Moreover, China's homegrown vaccines are less effective than foreign counterparts, according to doctors in Hong Kong.

In any event, China's government had also stopped major vaccine and booster campaigns about eight months ago. Herd immunity, in which people who have caught the disease and recovered are immune for a period, is also lagging.

“China's policy created a feedback loop: Suppression of the virus reduced the impetus for the elderly to get vaccinated, which kept the immunity low, further necessitating the no-tolerance approach,” wrote Yanzhou Huang, director of the Center for Global Health Studies at Seton Hall University in the US state of New Jersey.

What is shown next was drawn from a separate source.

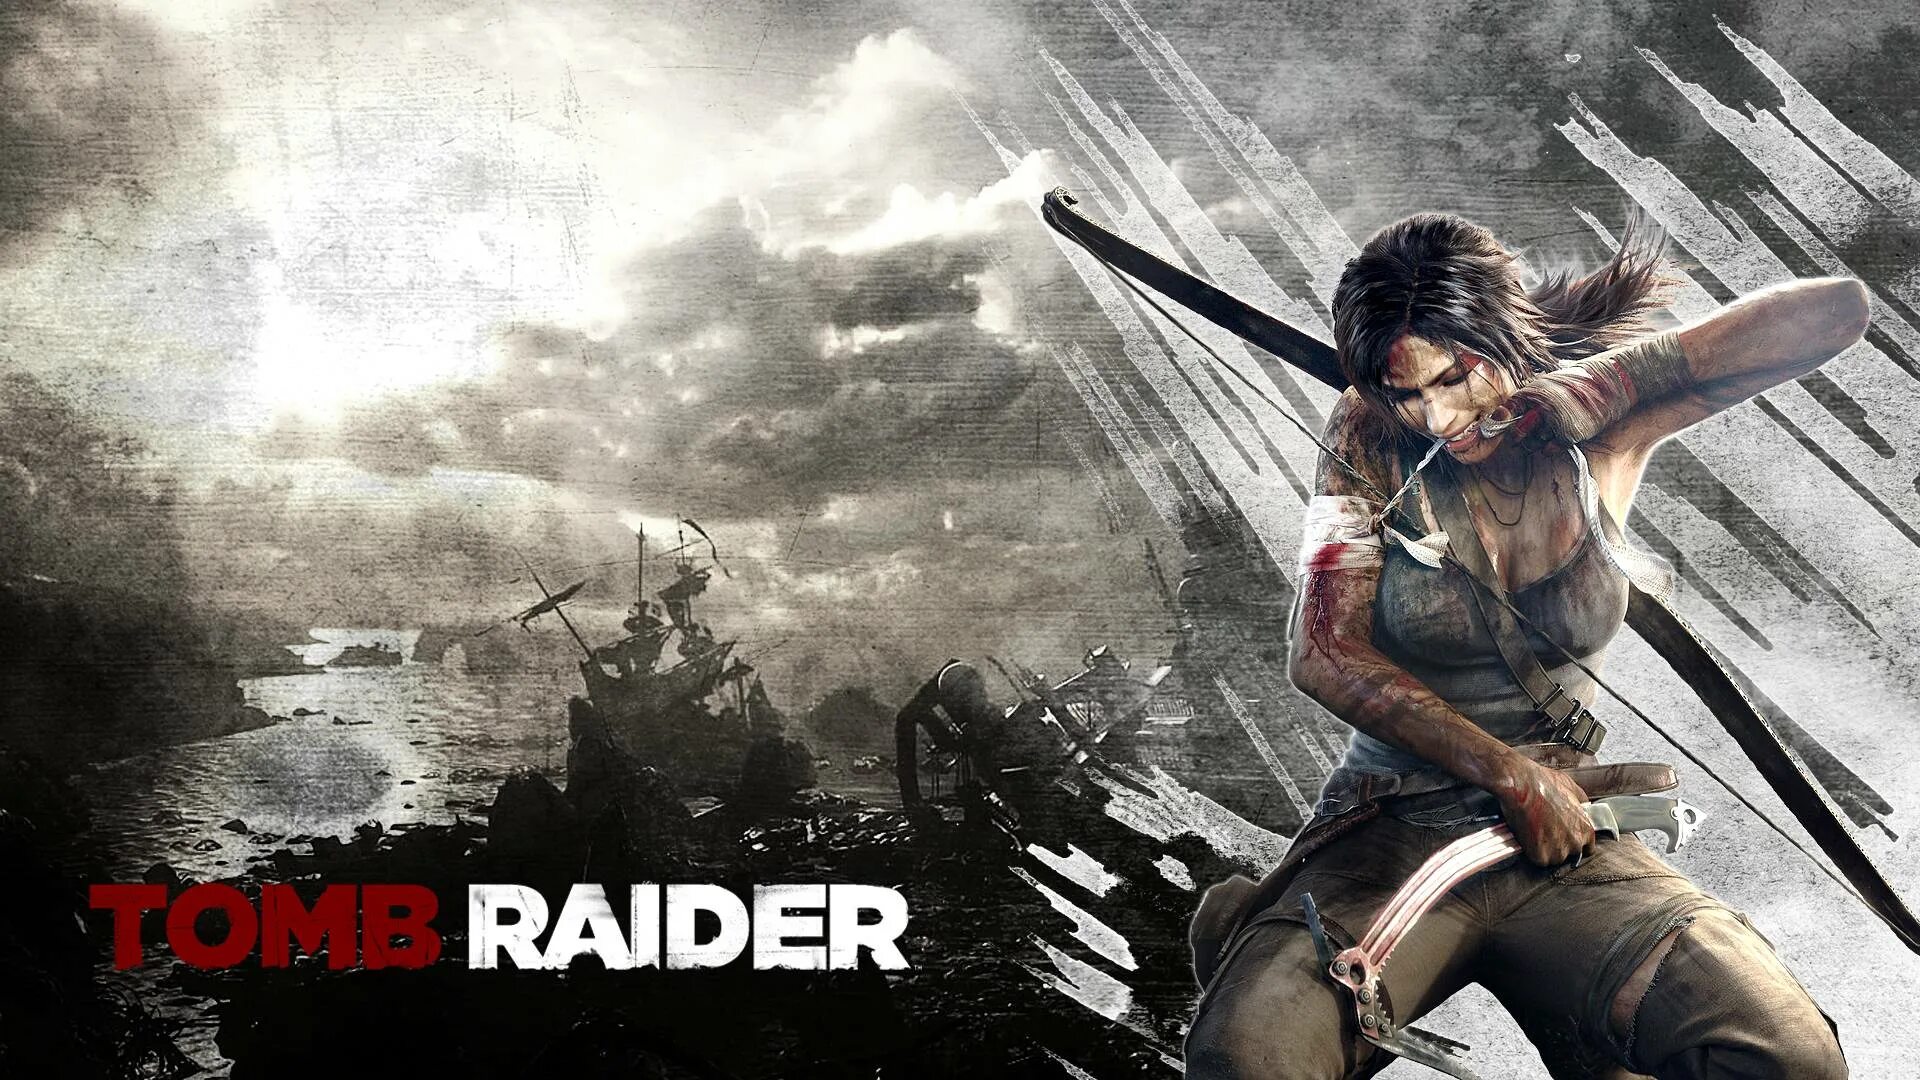 Томб Райдер 2013 обложка. Tomb Raider Definitive Edition. Tomb Raider 2015 обложка. Tomb Raider 2013 Сэмми. Tomb raider прохождение часть

China keeps many data secret, so the population has often been left in the dark over the dangers of an infection surge. The government's reluctance to provide data detailing the efficacy and possible side effects of its vaccines created an information vacuum in which unfounded worries could flourish.

There is yet no national plan for suppressing new infections. In cities that have lifted restrictions, people who become ill have been advised just to stay home.

It also appears that no one was willing to warn of a potential Covid surge before the Party Congress – and especially not to suggest that zero-Covid might have been a policy mistake. Xi has not admitted to any errors in his 10 years in power.